With Scooters India shutting down, the brand that launched the PSU in India finally rides into the sunset.

The year was 1947. India got independence and in faraway Milan, Italy, the Lambretta — a new scooter –rolled out.

The events were completely unrelated but a quarter of a century later, in 1972, when the Milan facility folded up, the Indian government bought its remnants and brought them to India to establish Scooters India.

The Lucknow-based PSU continued to produce the Lambretta and its Indian sibling, the Vijai Super, for another quarter of a century.

The idea was to meet the rising demand for private personal transport in a free nation.

Centuries of colonisation had sapped the Indian economy of its riches and cars were not an option.

Scooters were. And so began the Indian middle-classes’ tryst with what had been a truly global scooter.
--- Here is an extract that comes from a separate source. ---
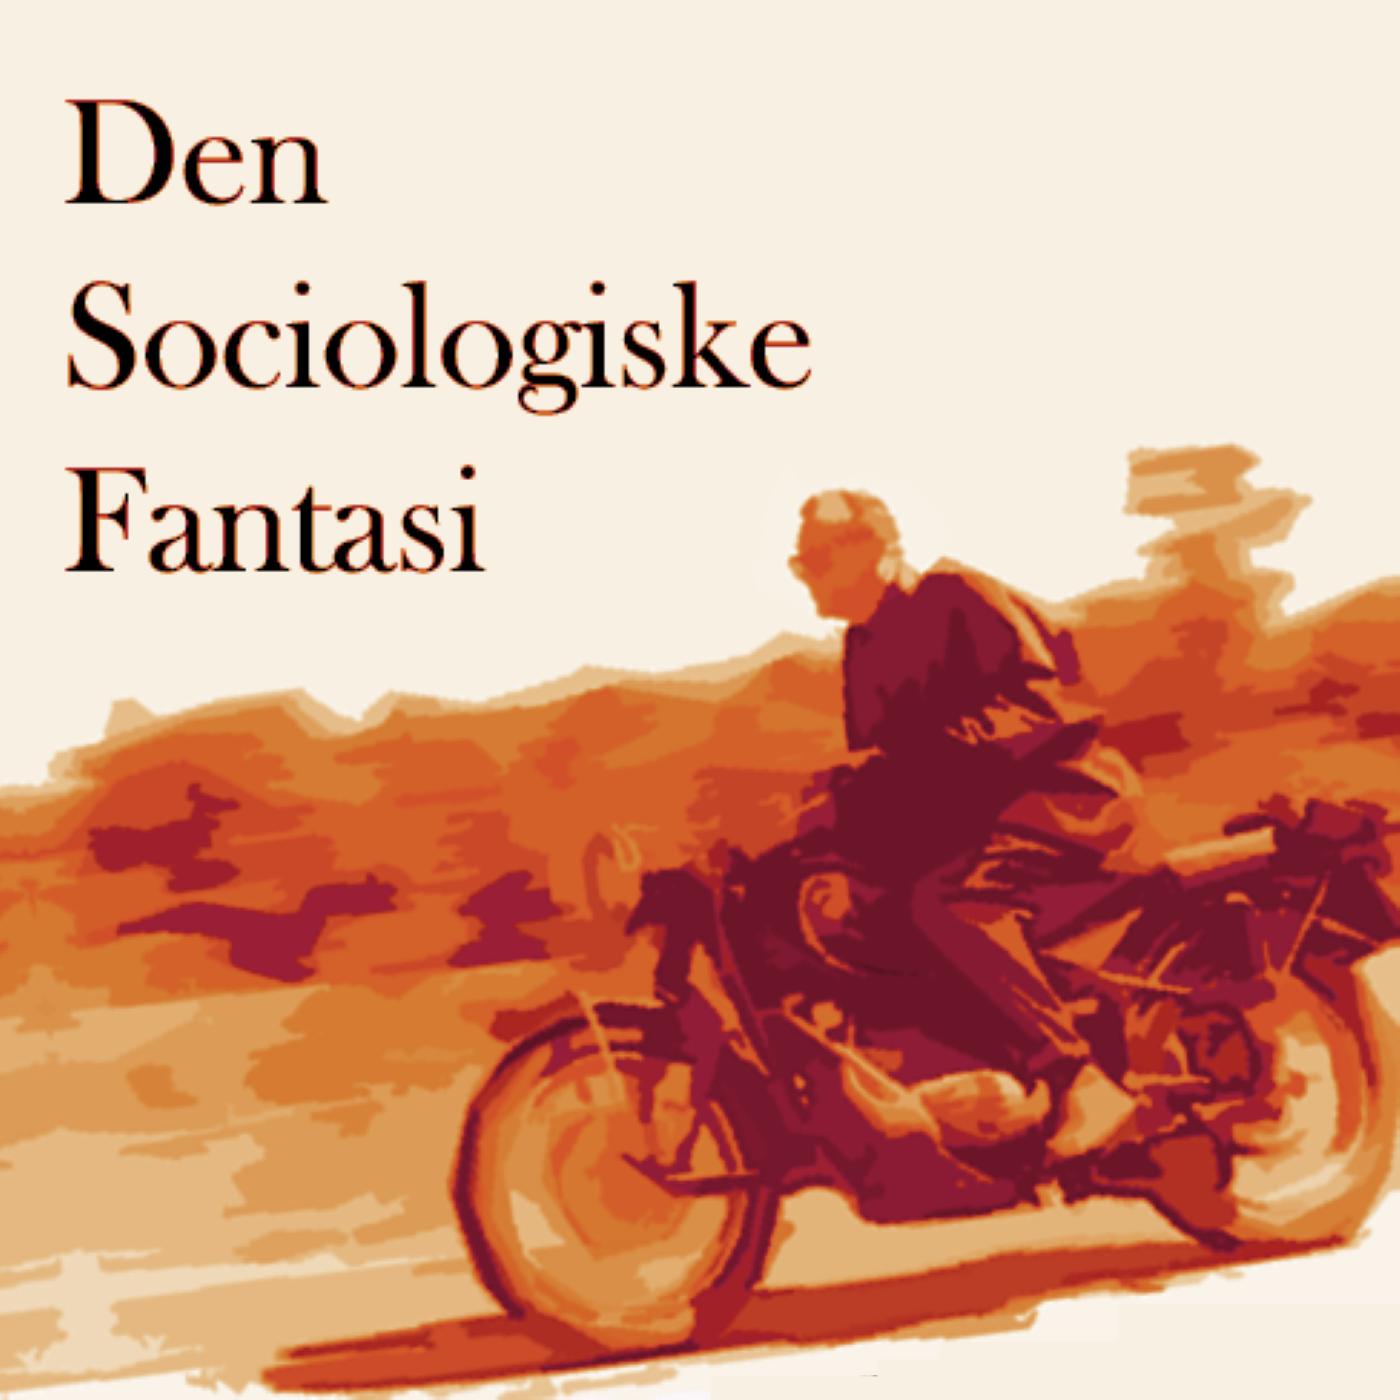 Den Sociologiske Fantasi show art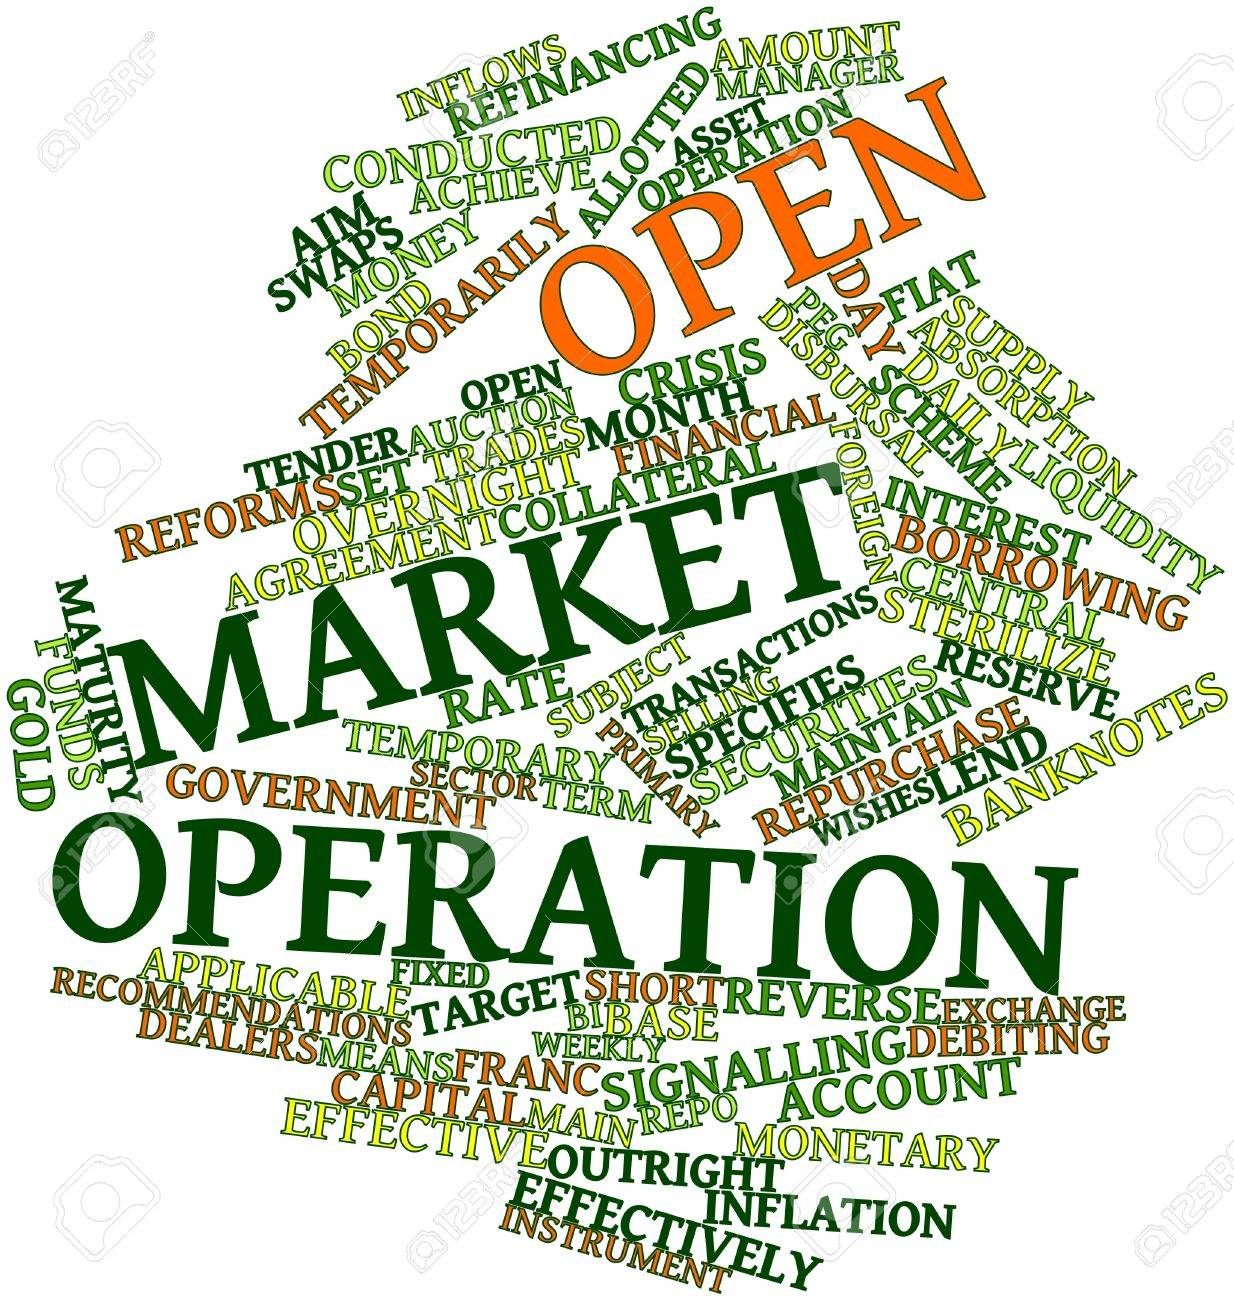 OMO, Emerging market

By the time it landed in India, the Lambretta had a French connection, Italian (aeronautical) designers, American origins and was being manufactured across half the globe from Brazil to Vietnam.

Relatively bulky but a design marvel, back in the 1970s and ’80s, the Lambretta was a common sight on Indian roads — a ride that could accommodate a family of four.

Given its shape, it was also the most conducive scooter for a side-car – not that many people opted for that. It was also a scooter of glamour, featured often in Indian movies.

Shammi Kapoor serenading Sharmila Tagore in An Evening in Paris is but one example. Less popular, totally indigenous and with a name that Amitabh Bachchan starred as in several of his blockbusters was the Vijai Super.